Акико Накахара выглядела… живой. Почти. Слишком живой для мёртвой. За три недели, что она ела, тело округлилось, щёки обрели ту полноту, которой не было двадцать лет карьеры. Гримёры лишь слегка подчеркнули это румянцем. Красивая той смертельной красотой, которая отныне будет сниться Чуе каждый раз, когда он поднесёт вилку ко рту. Её губы, чуть тронутые розовым, казалось, вот-вот дрогнут в знакомой улыбке — той самой, что смотрела с обложек, и Чуя до скрежета зубов хотел, чтобы они остались навеки сомкнутыми. Чтобы она больше никогда не сказала: «Объектив должен смотреть на тебя».
Самая красивая женщина, которую он знал, теперь навсегда застывшая в своей последней, убийственной полноте.
Чуя стоял, не чувствуя ног.

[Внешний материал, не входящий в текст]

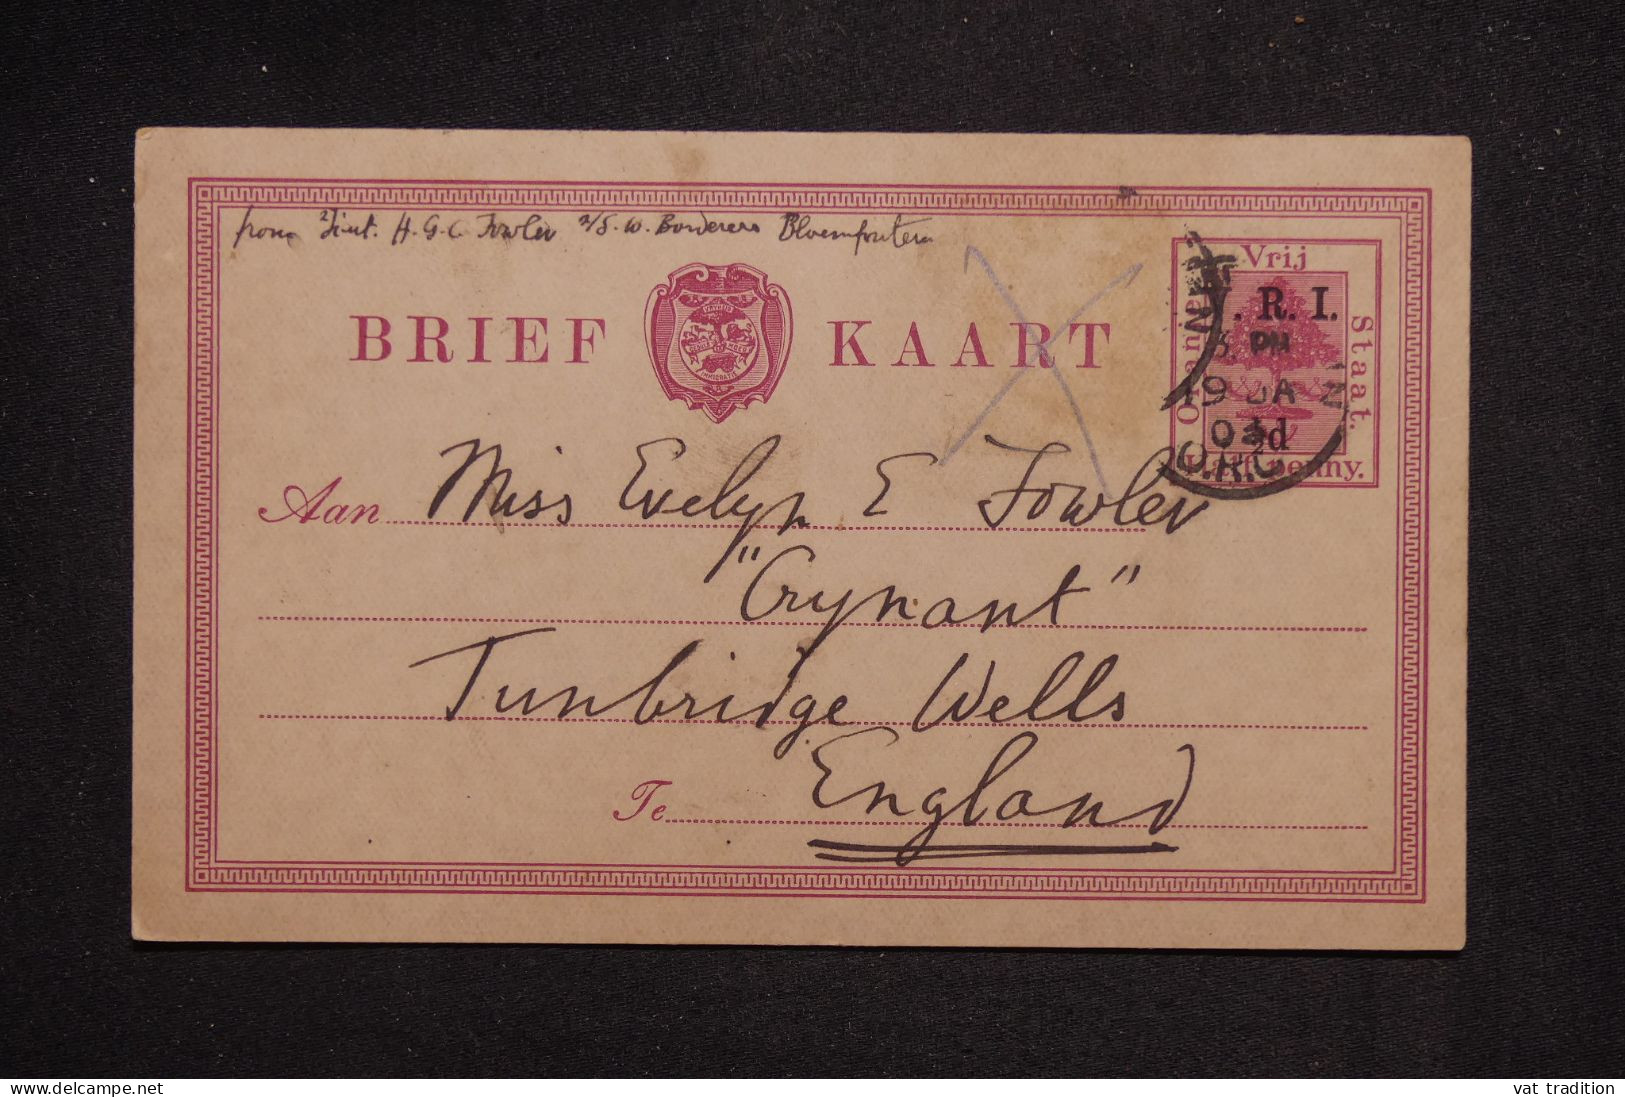 ETAT LIBRE D'ORANGE - Entier Postal Surchargé Pour La Grande Bretagne En 1903, Complément Disparu - L 151387 - Orange Free State (1868-1909)

Вместо этого он ощущал, как ледяная кладбищенская вода просачивается сквозь дорогую кожу туфель, как намокают носки — единственное доказательство того, что он ещё не умер. Холода он не чувствовал. Только пустоту. Огромную, звенящую пустоту внутри, которую отныне можно будет заполнить только контролем. Голодом. Ломотой в желудке, доказывающей, что он сильнее матери, сильнее смерти, сильнее собственного тела. Пустота была почти осязаемой — как выскобленная изнутри до блеска раковина, готовая принять только боль.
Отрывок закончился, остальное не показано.